Alternative Investment

Small-cap funding drought may lead to alternative lending groundswell

Small businesses are facing a lending crisis of two halves at the moment.

On the equity front, the amount raised by existing companies on the London Stock Exchange’s junior AIM market declined by more than two-thirds to £2.23bn in 2022, according to data supplied by AIM Journal.

Furthermore, “there do not appear to be many new companies planning to join AIM

in the short-term and there are more leavers likely in the coming months,” said the journal’s editor Andrew Hore.

Volatile market conditions have also brought a definitive end to cheap money on the debt front.

According to the Federation of Small Businesses, a survey of members found that successful applications for bank loans and other financing fell significantly in the latter half of 2022, with less than half of applications getting approved.

The FSB warned that lenders could completely withdraw from the market, in a grim parallel to the post-2008 credit crunch.

As Liberum’s equities analyst Joachim Klement put it: “A bank is like someone willing to lend you an umbrella just to ask for it back when it starts to rain.”

“The major problem for smaller businesses,” Klement told Proactive, “is that banks are worried about both rising interest rates which may reduce the ability of companies to service their loans, and the looming recession. As a result, banks have started to tighten their lending standards.”

“A bank is like someone willing to lend you an umbrella just to ask for it back when it starts to rain”

Retail and consumer goods companies seem to be getting the worst bargain out of this funding drought, with Klement observing a reflection of the ongoing cost-of-living crisis and the fact that, especially in retail, there have been quite a few companies going into administration. 

“Banks are very reluctant to lend in this sector for fears their borrower may be the next one to fall,” he said.

However, small caps aren’t alone in finding reasonably priced funding, with mid caps and large caps also struggling to secure deals.

Klement noted: “Unless the company’s balance sheet is solid and earnings visibility is high, loans will either be very expensive or not available at all.”

Given the evaporating supply of money from traditional routes, it would make sense for companies to start seeking out alternative lending capital-raising streams, which is exactly what Superdry did when it secured a £30mln facility with US-based lender Bantry Bay Capital Limited (LSE:CAPD) last month.

Just this week, British self-driving software start-up Oxbotica has successfully raised US$140mln (£115mln) in a series C funding round comprising investments from some notable venture capital funds, including Japanese insurer Aioi Nissay Dowa Insurance, Japanese oil refiner Eneos’ VC arm, and Chinese giant Tencent.

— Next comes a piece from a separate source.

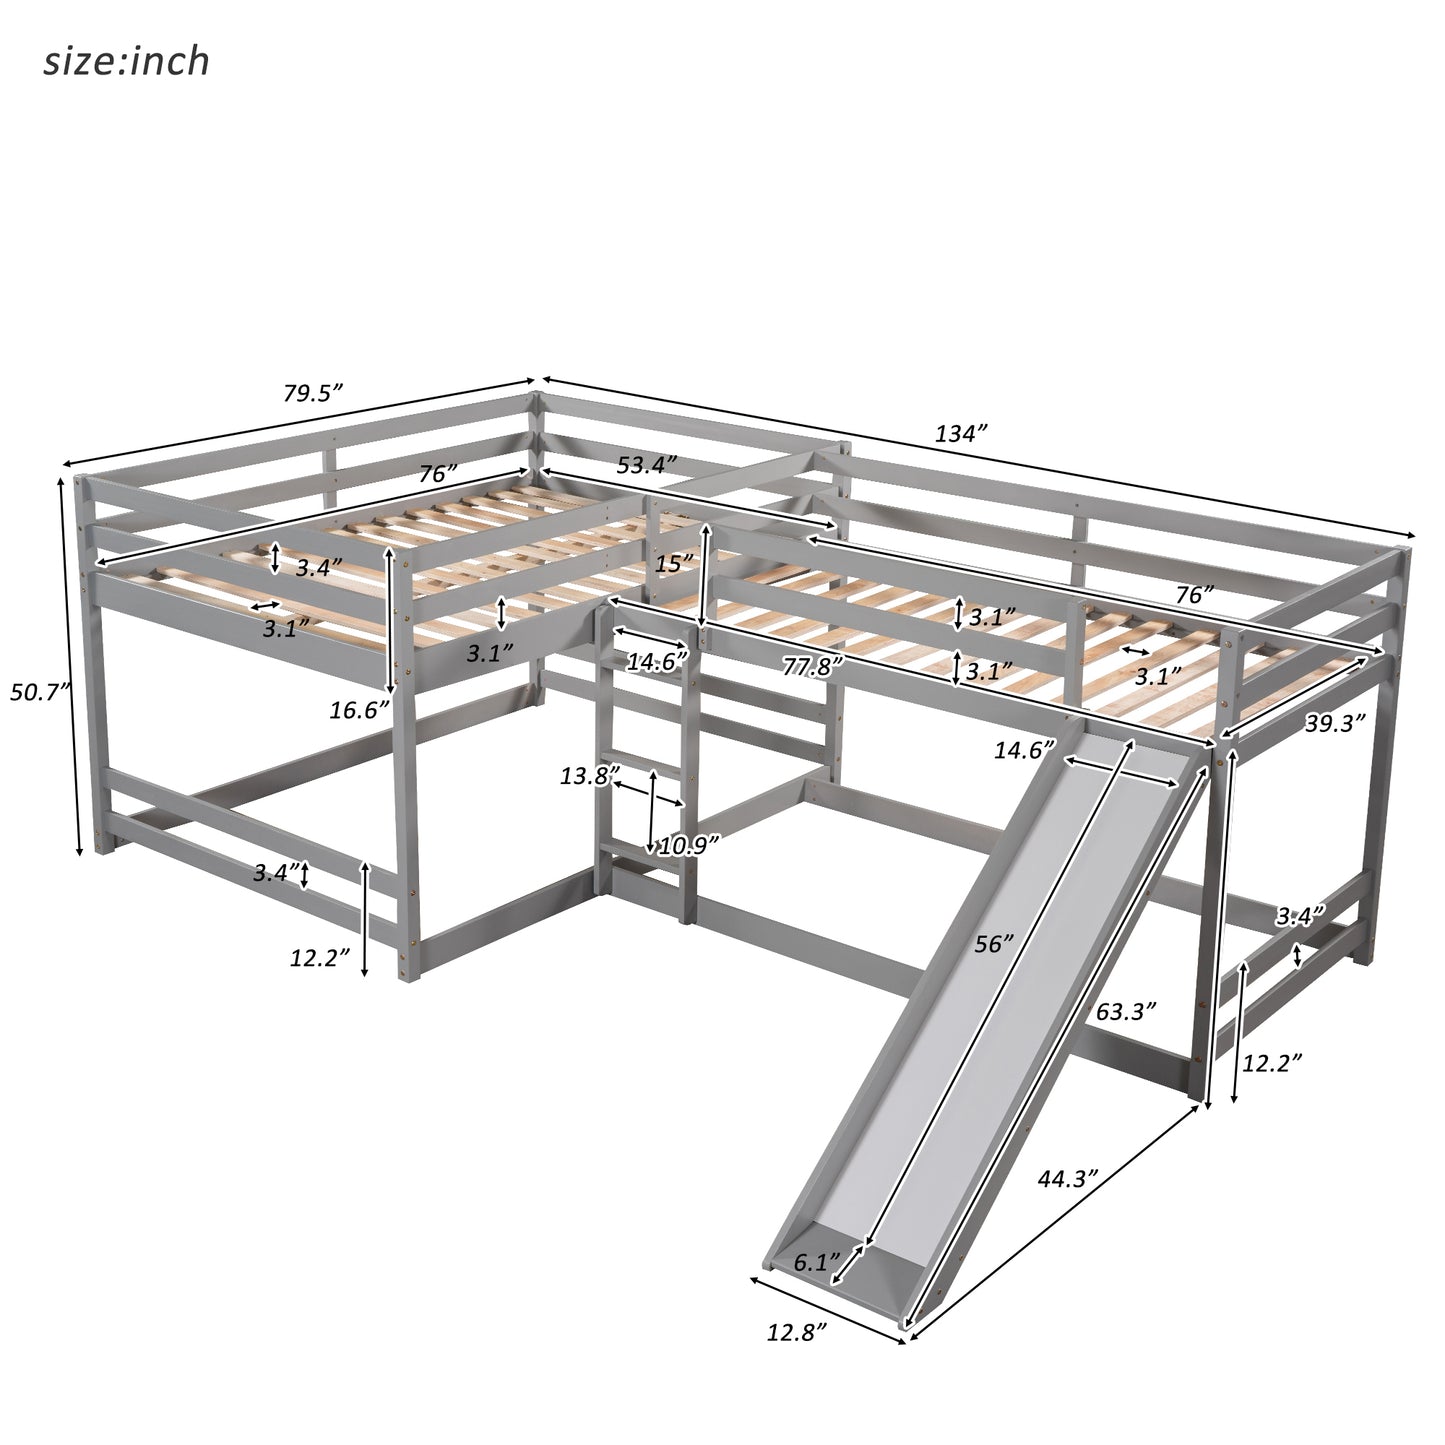 Full and Twin Size L-Shaped Bunk Bed with Slide and Short Ladder,Gray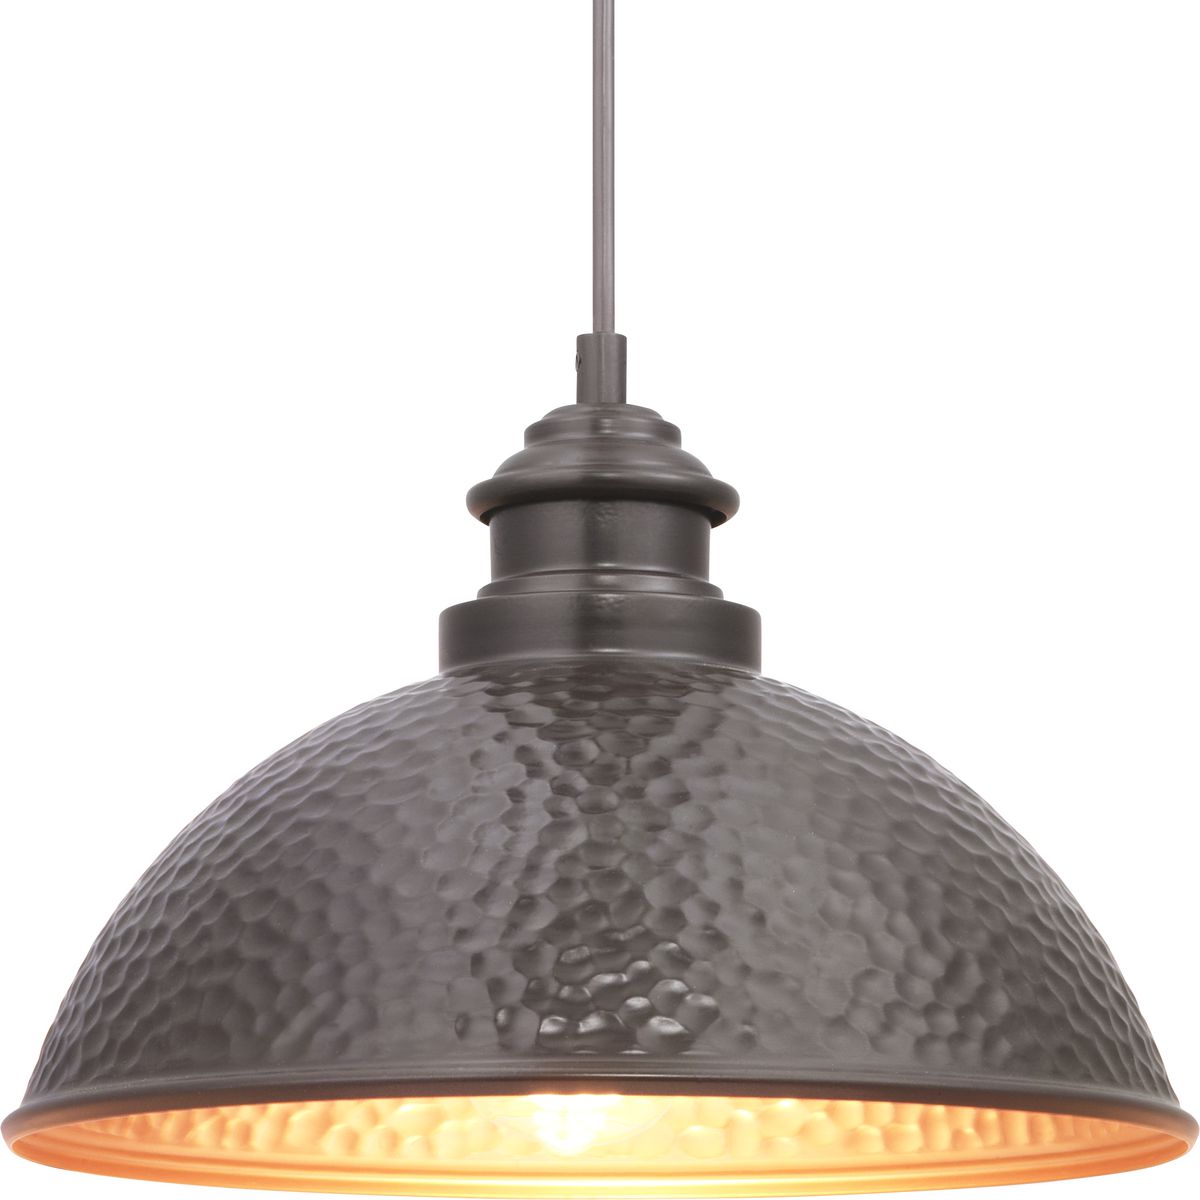 Englewood Collection One-Light Hanging Lantern - Damp Location Listed - Model P550032-020

Read more: Oxbotica successfully raises £115mln in a boost to Britain’s self-driving sector

The potential for a secured lending groundswell in the coming months and years could prove a novel investment play into small- and micro-cap alternative investment funds, especially since Klements noted that “we think financing conditions are unlikely to change soon. We expect the Bank of England, Fed and European Central Bank to not cut interest rates this year, and for the recession to last until the end of 2023”.

“In short, 2023 will be a year of recession uncertainty and high financing costs. So no relief this year, he predicted.

But if 2023 really is the year of alternative lending, it could result in further pain for the junior stock market as businesses seek to shore up capital from the secured debt market instead.